Муми-папа, рассерженный, остался наедине с собой и заснул. Проснулся он только под вечер, боль в горле немножко прошла, но не прошёл накативший на него дурной стих. Он позвонил в колокольчик, стоявший на тумбочке возле кровати, и Муми-мама мигом взбежала вверх по лестнице и спросила, как он себя чувствует.
— Паршиво, — отвечал Муми-папа. — Но это не имеет значения. Для меня сейчас очень важно, чтобы ты проявила интерес к моему пенковому трамвайчику.

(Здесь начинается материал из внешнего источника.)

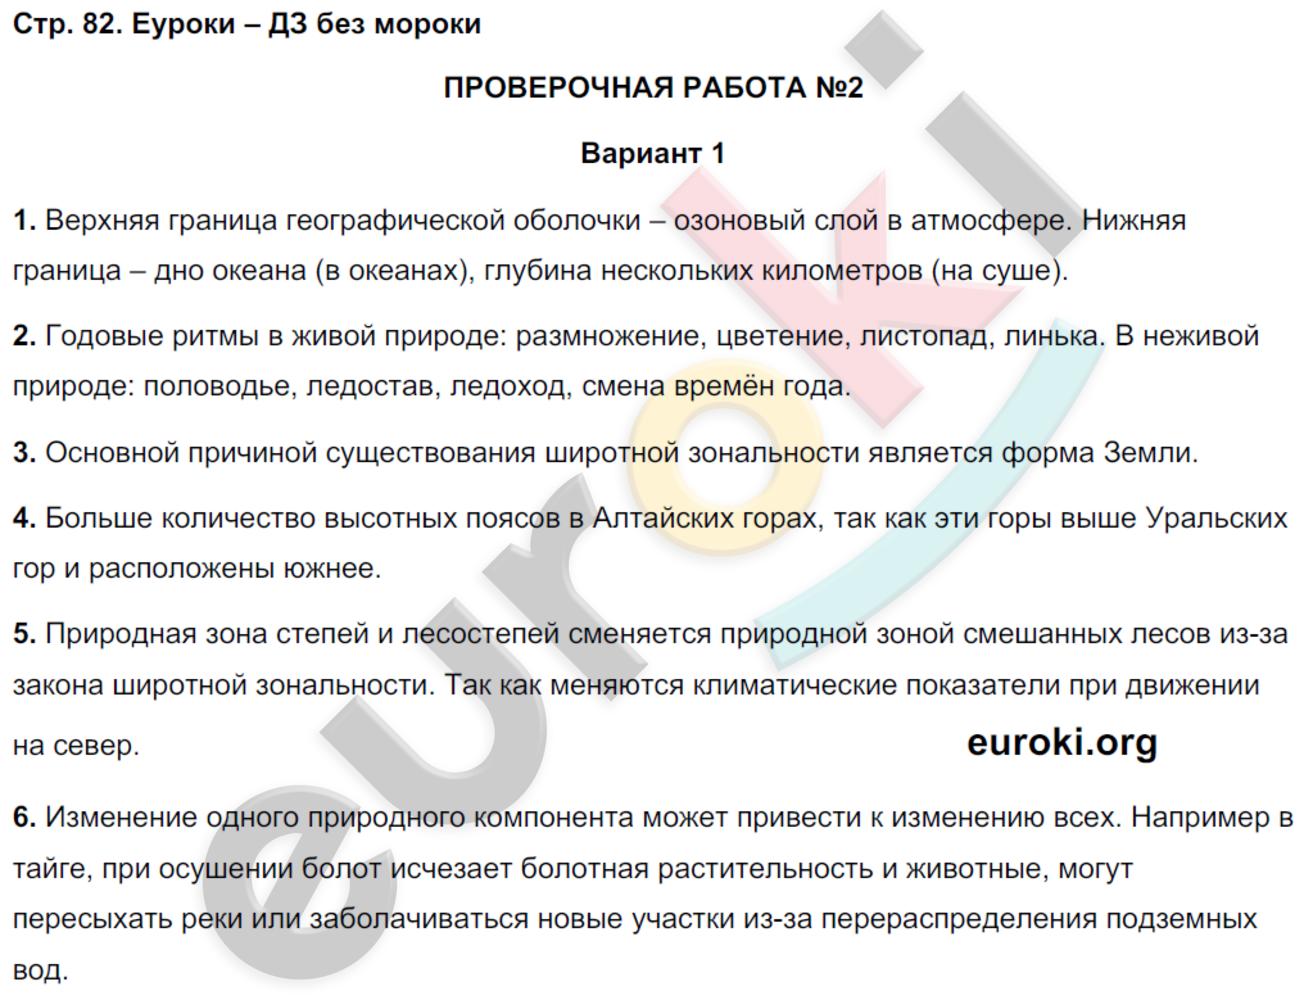 ГДЗ по географии 5 класс тетрадь экзаменатор Барабанов. Задание: стр. 82

— Это тот, что стоит украшением в гостиной? — удивлённо спросила Муми-мама. — А что в нём особенного?
Муми-папа так и привскочил в постели.
— Неужели ты не знаешь, какую важную роль этот трамвайчик сыграл в моей молодости? — спросил он.
— Да-да, помнится, он достался тебе в какой-то лотерее или что-то в этом роде, — ответила Муми-мама.
Муми-папа укоризненно покачал головой, высморкался и вздохнул.
— Я так и знал, — сказал он. — Подумай только, что было бы, если б я умер сегодня утром от простуды. Тогда никто из вас не узнал бы ровно ничего о том, как дорог мне этот трамвайчик. Надо полагать, так же обстоит дело и с массой других важных вещей. Я рассказывал вам о своей молодости, но вы, разумеется, всё позабыли.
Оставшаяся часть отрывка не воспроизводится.